Secara umum, pelarutan karena pergerakan air melewati batuan karbonat akan
melarutkan mineral karbonat yang dilewatinya, maka imbasnya: (1) air akan berubah
kimianya (karena adanya konsentrasi ion karbonat di dalamnya), (2) air akan masuk ke
litologi berbeda atau sebaliknya air datang membawa material ”asing” dari batuan lain
sebelum menerobos karbonat dan membawa sistem baru, (3) perilaku pelarutan
bergantung pada variabel kontrol kelarutannya (misalnya P, T, Eh, PCO2, dll)
(Raymond, 2002).
Pelarutan karbonat lebih intensif terjadi di daerah permukaan, sedangkan hal
sebaliknya terjadi di daerah bawah permukaan. Hal ini disebabkan karena peningkatan
temperatur pada kedalaman cenderung akan menurunkan tingkat kelarutan karbonat.

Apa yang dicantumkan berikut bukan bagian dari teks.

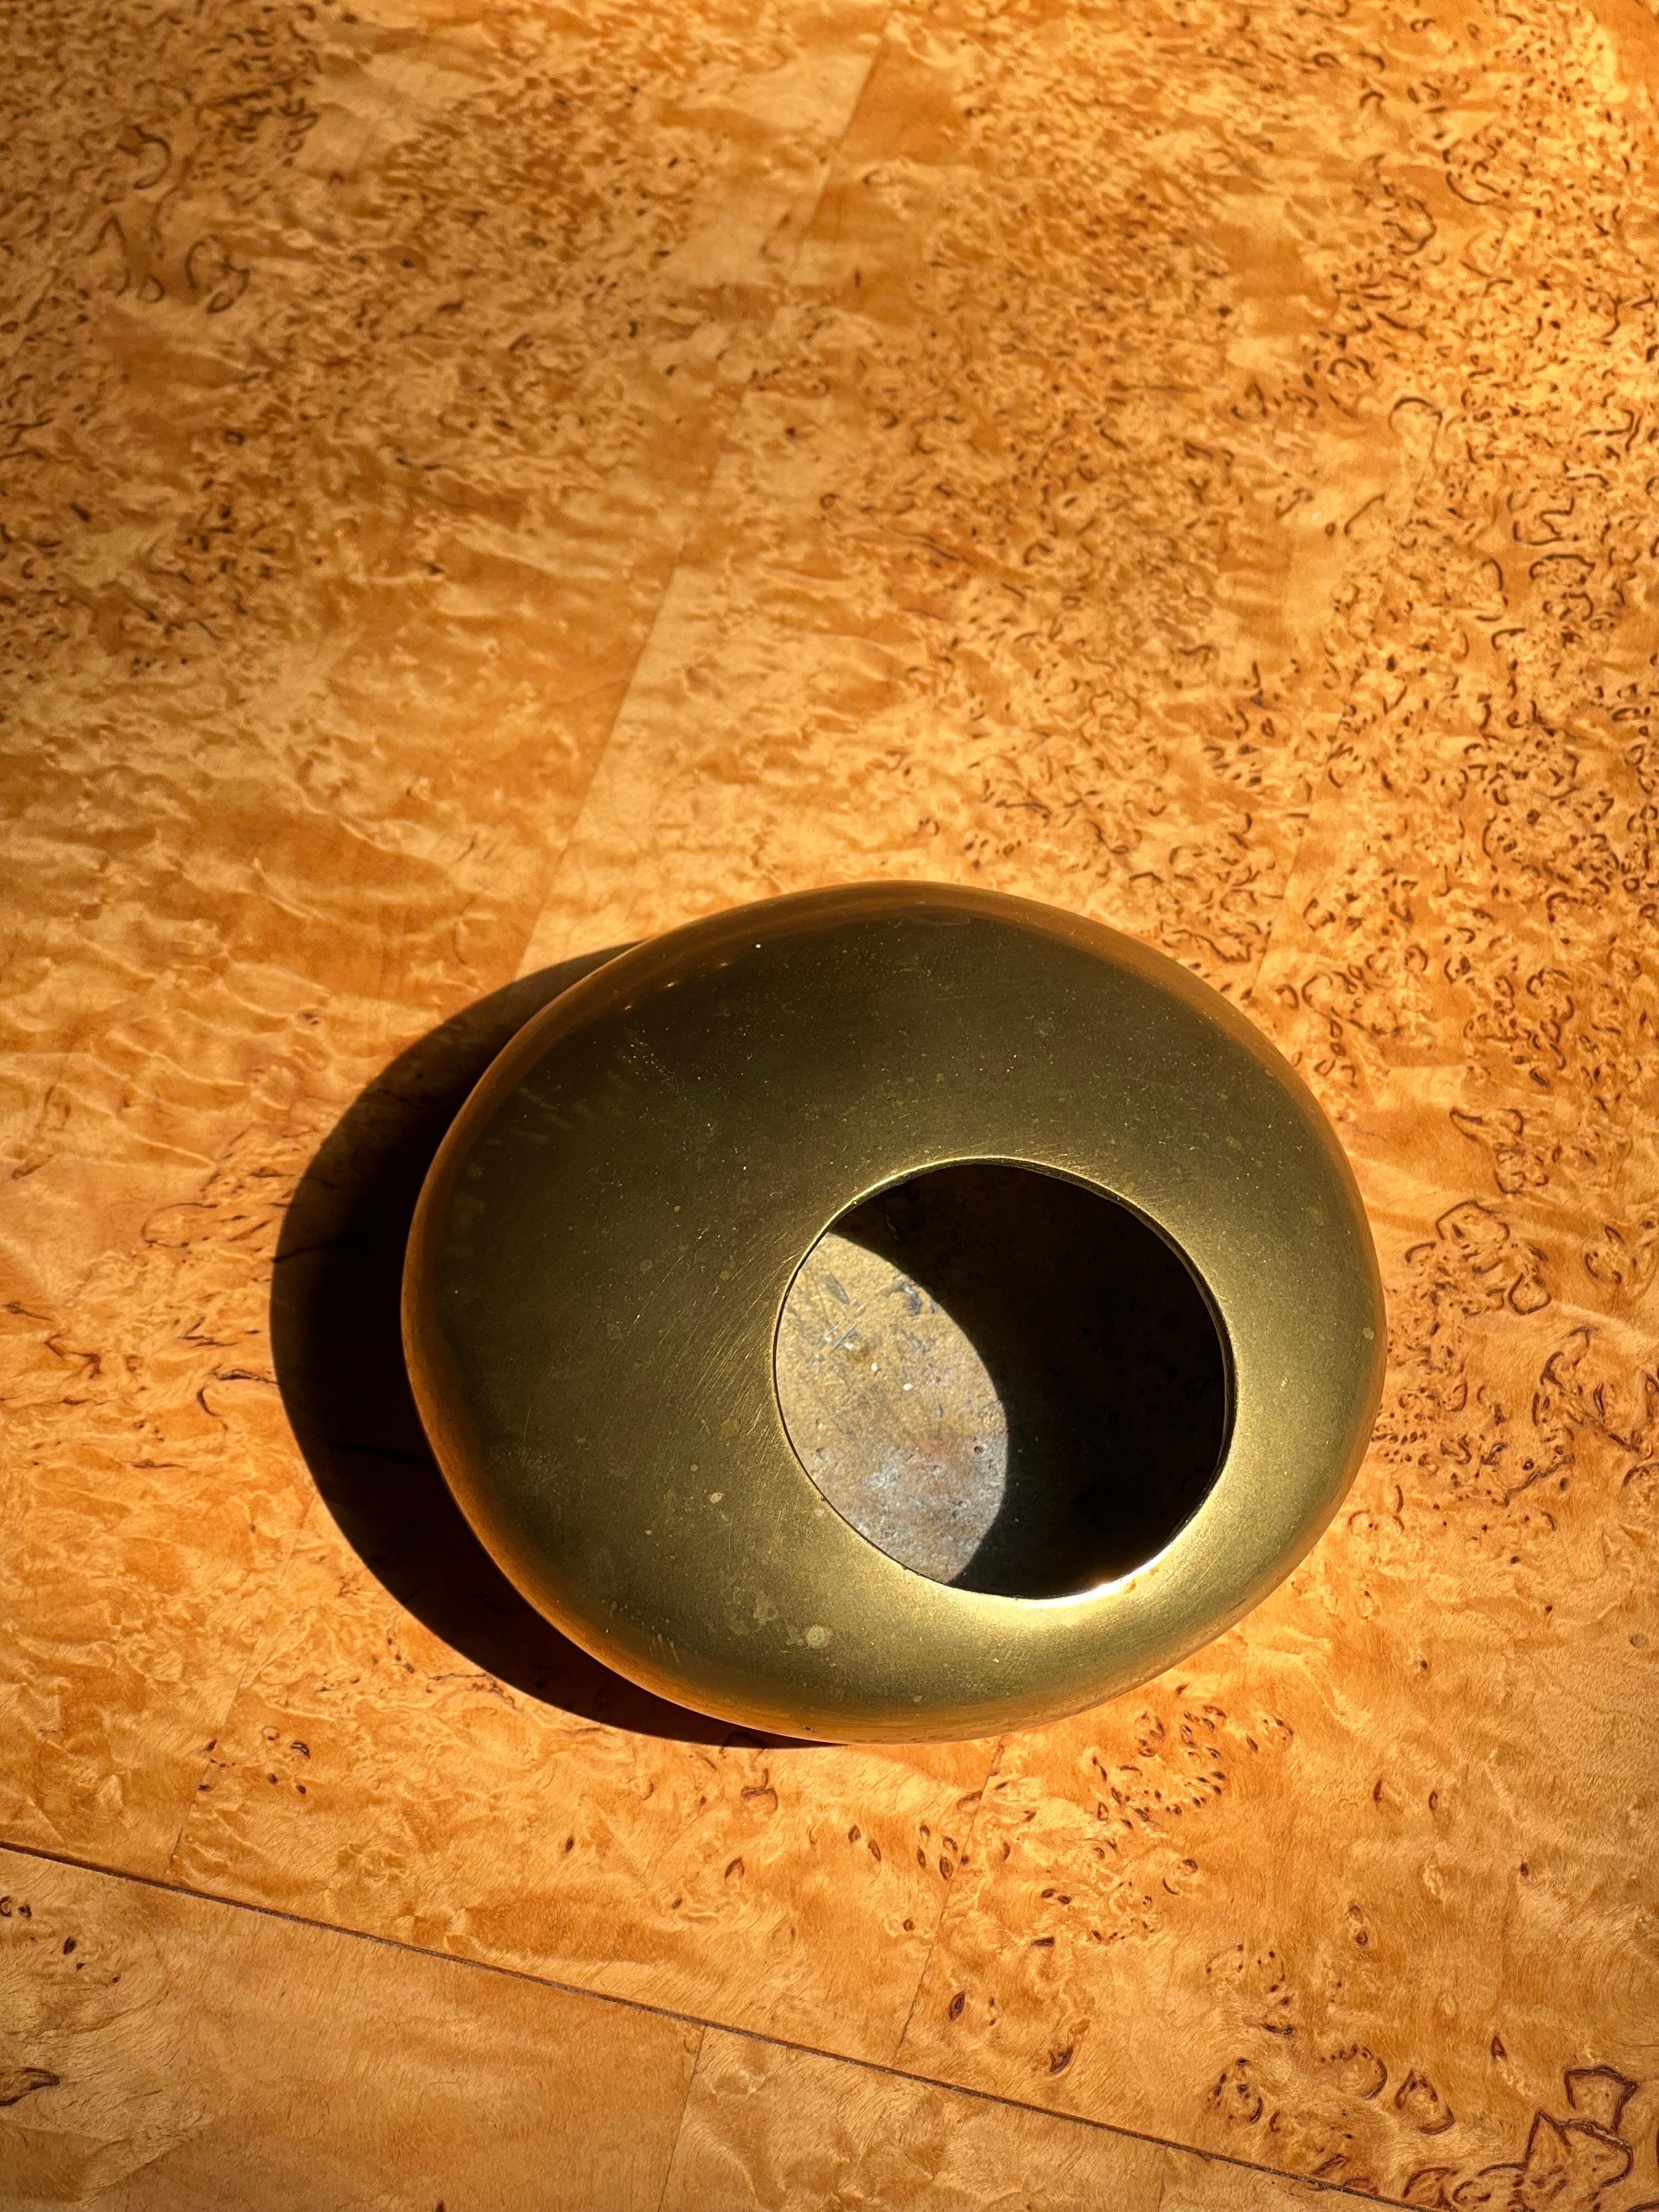 Cendrier unique et rare en bronze attribué à Roger Tallon. Il ressemble beaucoup à l'ORB qu'il a conçu, mais nous n'en sommes pas sûrs à 100 % et nous préférons donc l'attribuer. Bronze massif, de forme organique. Aussi lisse qu'une belle pierre.

Kelarutan karbonat akan meningkat di kedalaman atau dimanapun asalkan ada
penambahan gas CO2 dalam air pori (yang bisa saja berasal dari hasil pembusukan
jasad organisme yang tertimbun), maka meskipun temperatur meningkat kalau
terdapat konsentrasi gas CO2 dalam air pori, mineral-mineral karbonat yang ada tetap
akan larut.
5
Gambar 2.2. sayatan batuan karbonat yang memperlihatkan
bentukan akibat proses pelarutan
B. Sementasi (Cementation)
Merupakan proses presipitasi yang terjadi pada saat lubang antar pori batuan
karbonat terisi oleh fluida jenuh karbonat. Dalam proses ini butiran-butiran sedimen
direkat oleh material lain yang terbentuk kemudian, dapat berasal dari air tanah atau
pelarutan mineral-mineral dalam sedimen itu sendiri. Proses ini merupakan proses
diagenetik yang penting untuk semua jenis batuan sedimen, termasuk didalamnya
batuan karbonat. Di lantai laut, sementasi terjadi di air hangat dalam pori dari butiran
ruangan antar butiran karbonat. Di meteoric realm (lingkungan meteorik dimana
pengaruh air yang hadir hanya dari hujan saja) sementasi juga hadir disini, semennya
dominan kalsit. Meskipun kondisi yang mengontrol sementasi pada kedalaman kurang
dipahami pasti, tapi beberapa faktor dapat diketahui mengontrol hal ini. Air pori,
peningkatan temperatur, dan penurunan tekanan parsial dari karbondioksida
merupakan faktor-faktor yang diperlukan untuk presipitasi semen kalsit ini. Pada
proses sementasi ini diperlukan suplai kalsium karbonat secara mutlak. Sifat sementasi
ini berlawanan dengan pelarutan, dimana sementasi membuat mineral semen
(karbonat) terpresipitasi, sementara pelarutan akan merusak struktur mineral yang
telah terbentuk.
C. Dolomitisasi (Dolomitization)
Merupakan proses penggantian mineral-mineral kalsit menjadi dolomit. Dolomit
mempunyai komposisi CaMg(CO3)2 dan secara kristalografi serupa dengan kalsit,
namun lebih besar densitasnya, sukar larut dalam air, dan lebih mudah patah (brittle).
6
Secara umum, dolomit lebih porous dan permeable dibandingkan limestone. Dalam
proses dolomitisasi, kalsit (CaCO3) ditransformasikan menjadi dolomite (CaMg(CO3)2)
menurut reaksi kimia :
2CaCO3 + MgCl3 ==> CaMg(CO3)2 + CaCl2
Menurut para ahli, batugamping yang terdolomitasi mempunyai porositas yang
lebih besar dari pada batugamping itu sendiri. Dolomitisasi bisa terjadi dilaut dangkal-
campuran fresh dan sea water, tidal flat, di danau, lagoon, dll, apalagi kalau ada
batuan yang mengandung Mg yang dilewati sungai-sungai dan membawanya ke
lingkungan dimana Batugamping berada atau terjadi.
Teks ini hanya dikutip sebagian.